• [Data extract]:
········

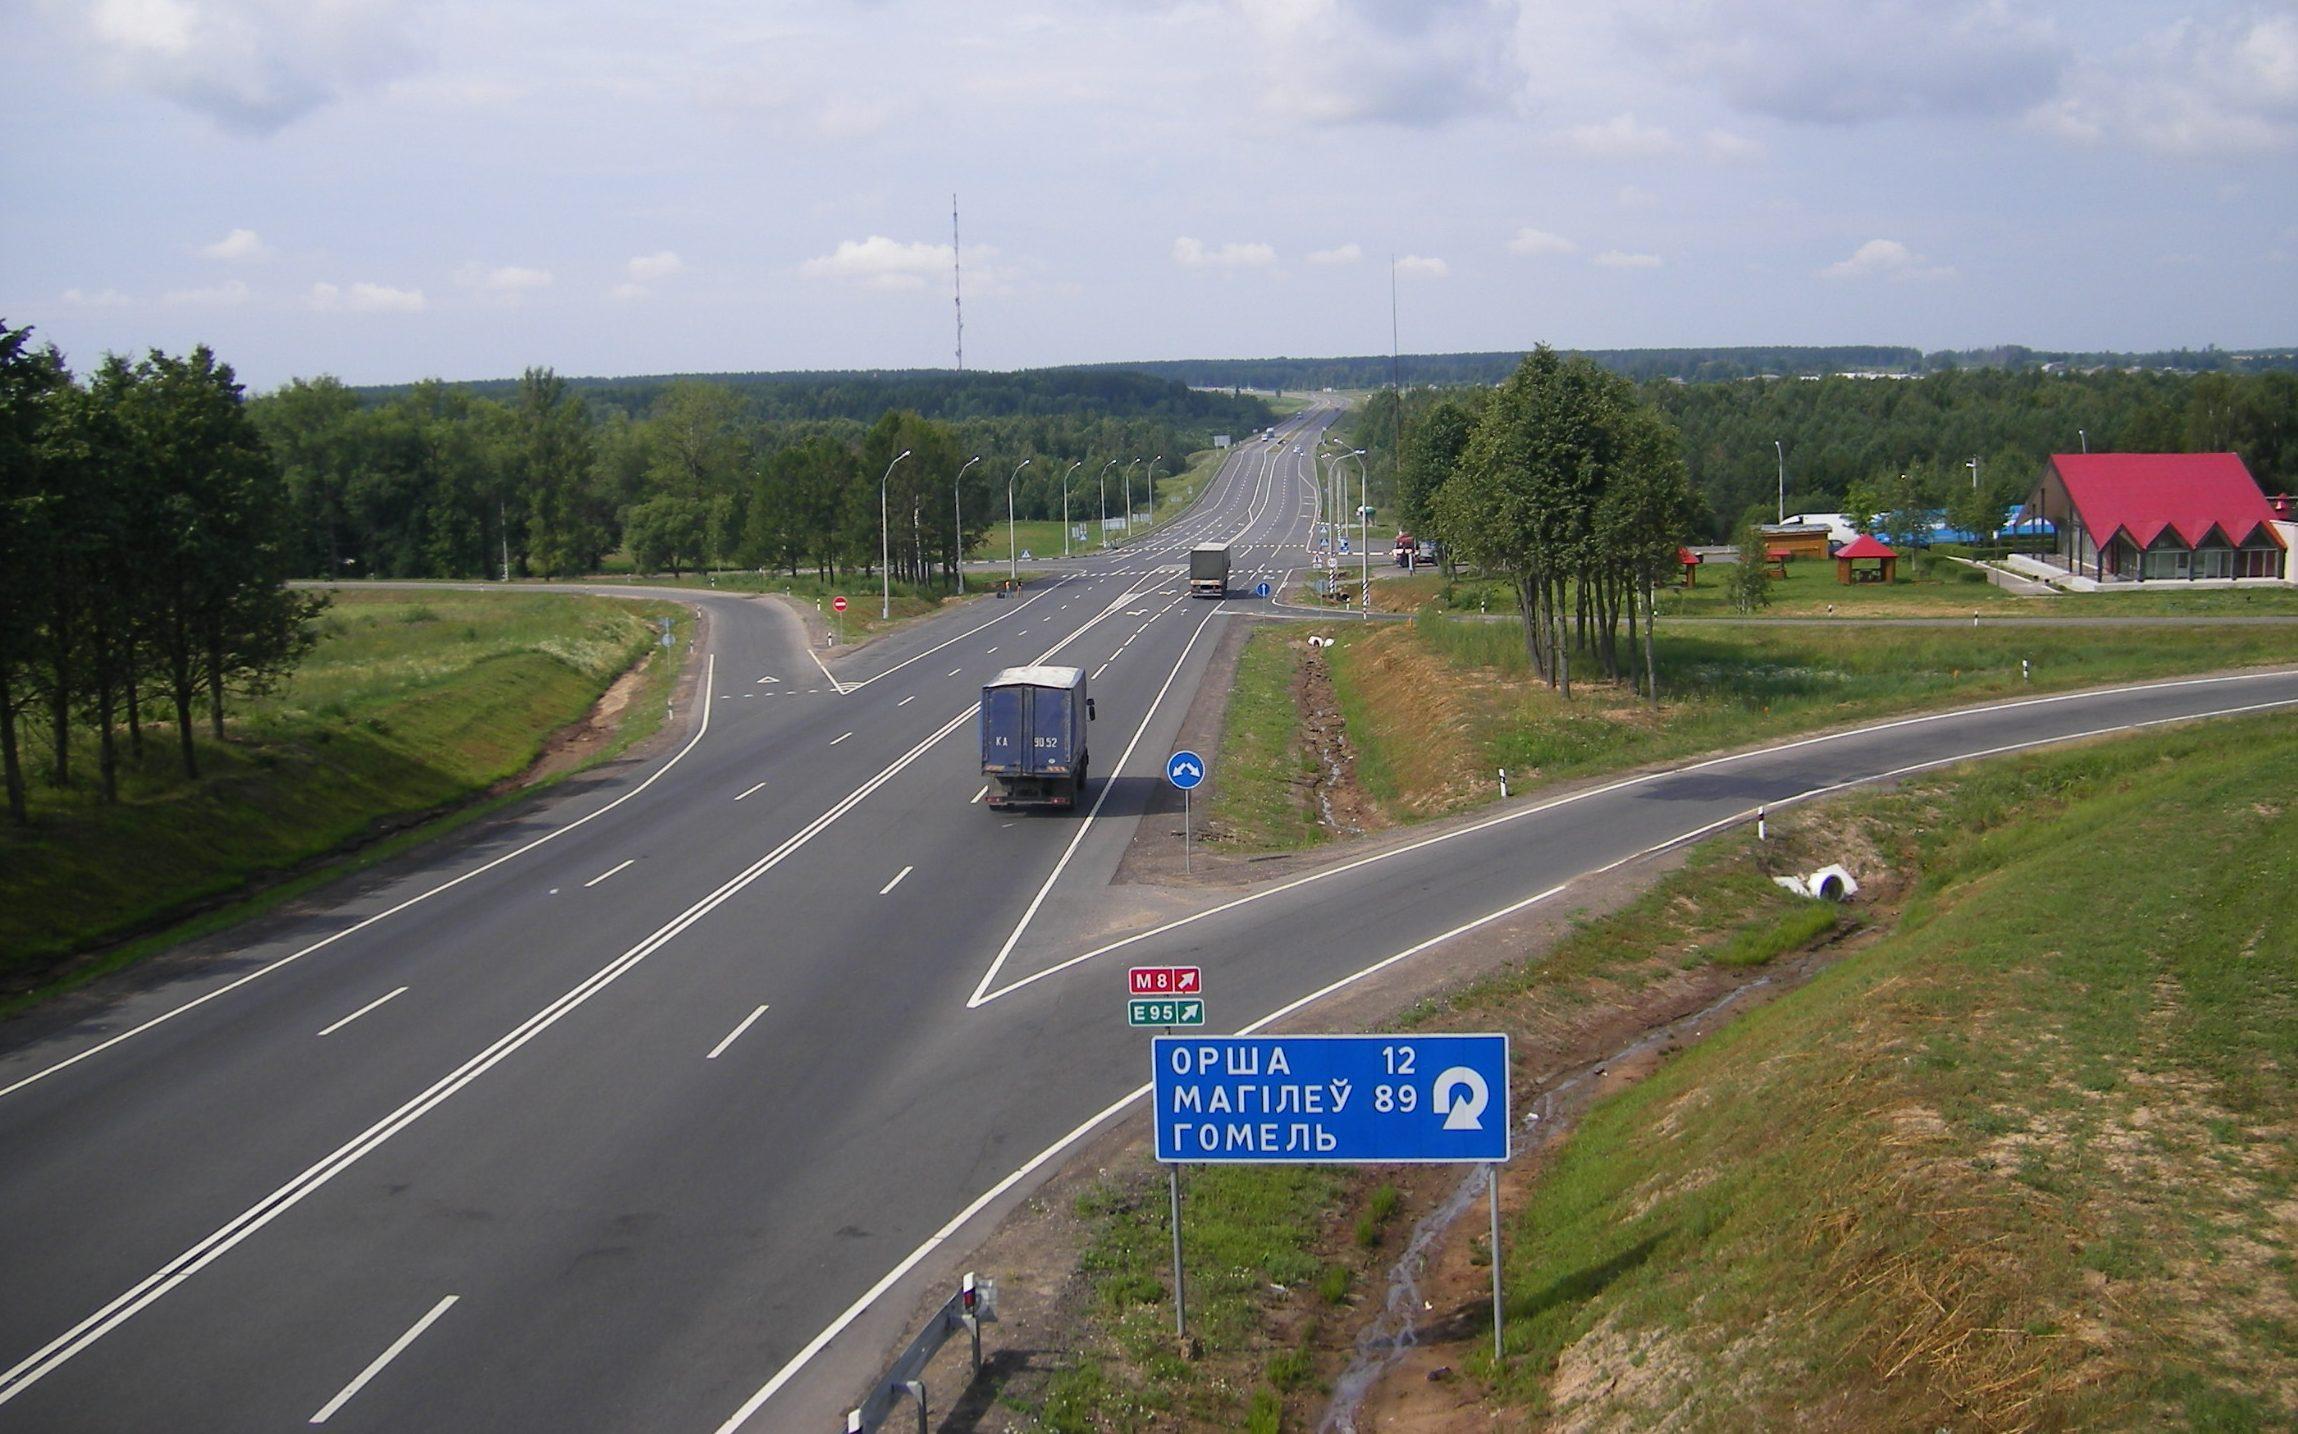 Pavasario ir vasaros eismo apribojimai Baltarusijoje 2021 m.
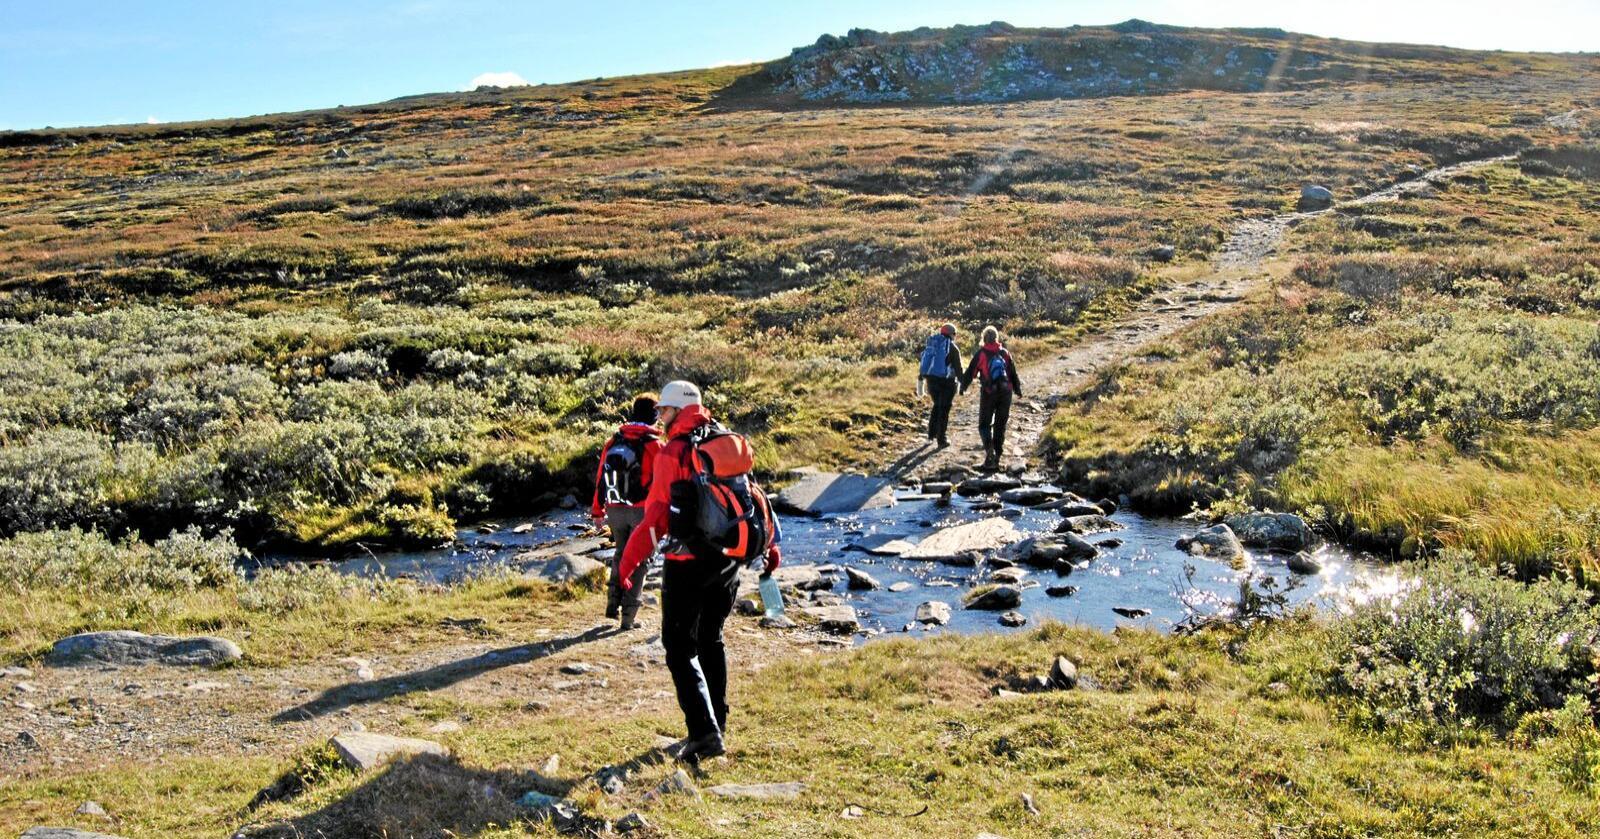 ut på tur aldri sur fjellvandring jentetur sti naturbasert turisme
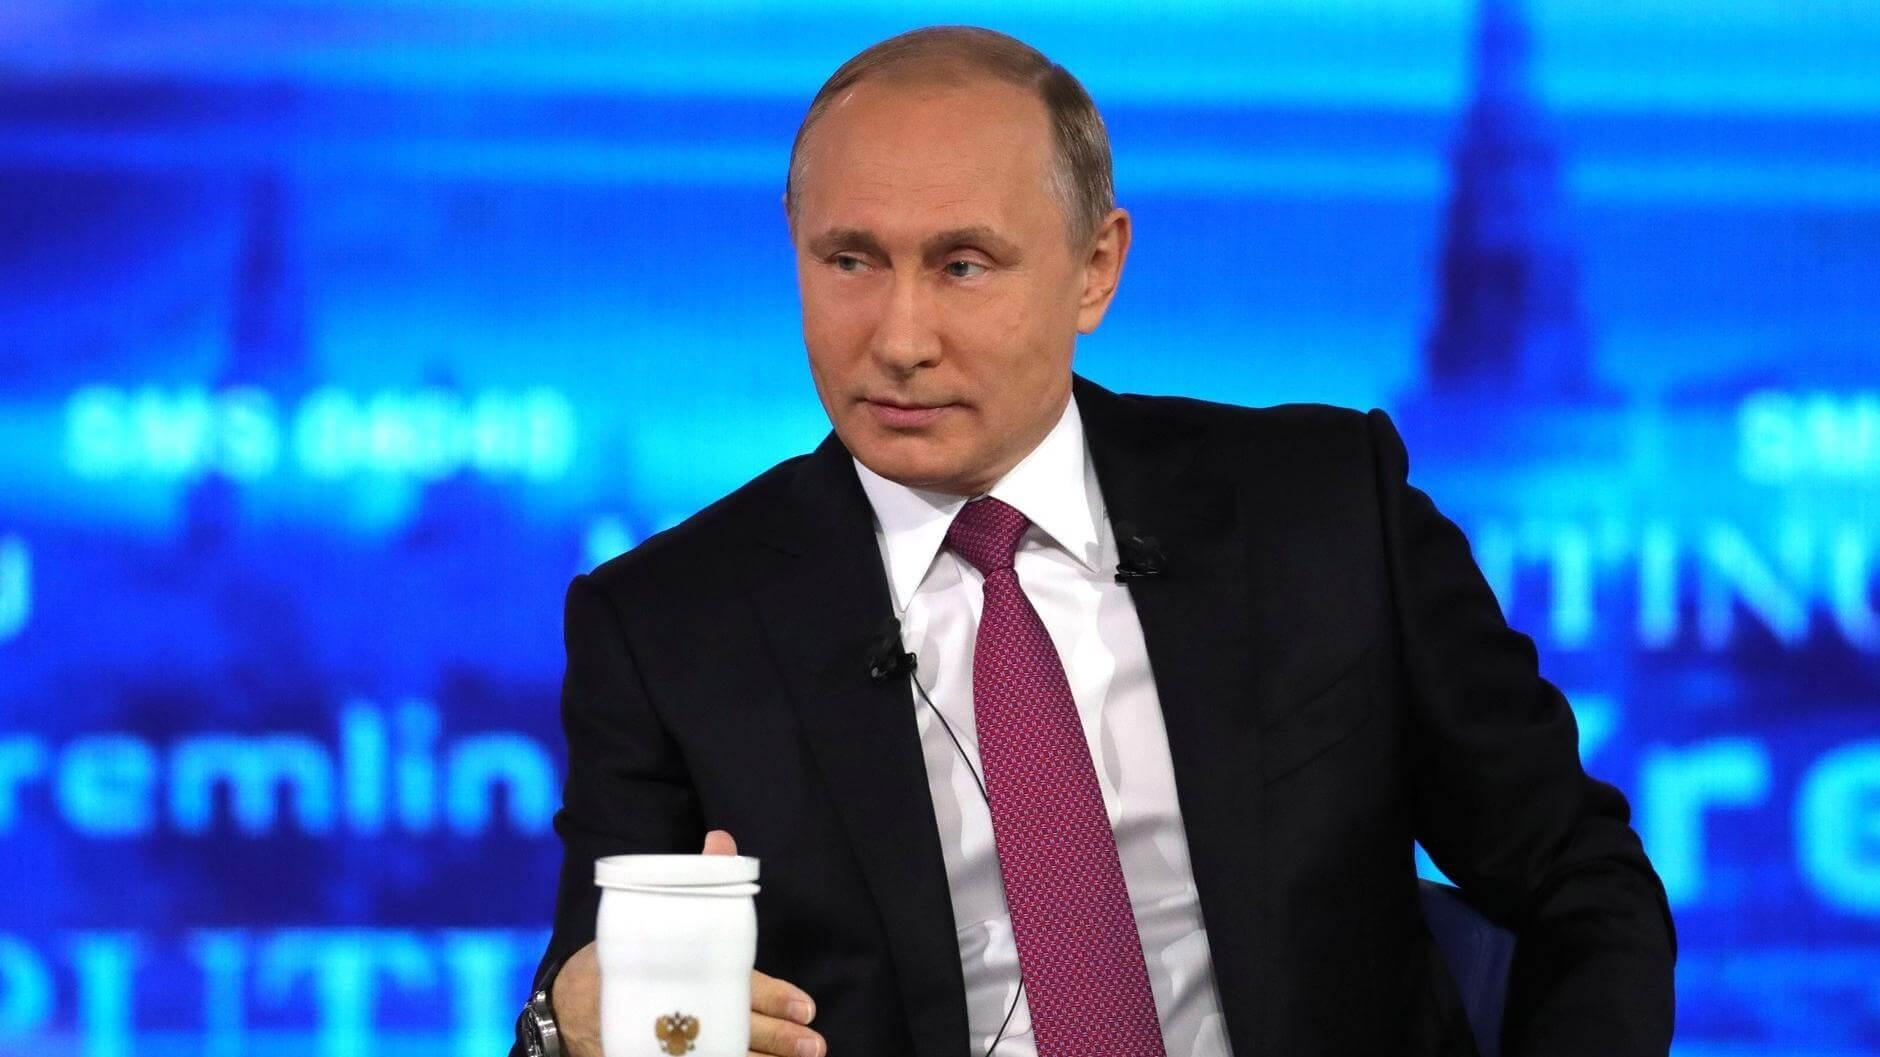 В России употребляют алкоголя меньше, чем в Германии. Что еще сказал Путин на прямой трансляции.

········

• [Action item]:
Starting at the line that holds "ut på tur aldri", retype every line through the end of the data, both ends included. Pictures stay out of the copy.

• [Exercise solution]:
 ut på tur aldri sur fjellvandring jentetur sti naturbasert turisme
 В России употребляют алкоголя меньше, чем в Германии. Что еще сказал Путин на прямой трансляции.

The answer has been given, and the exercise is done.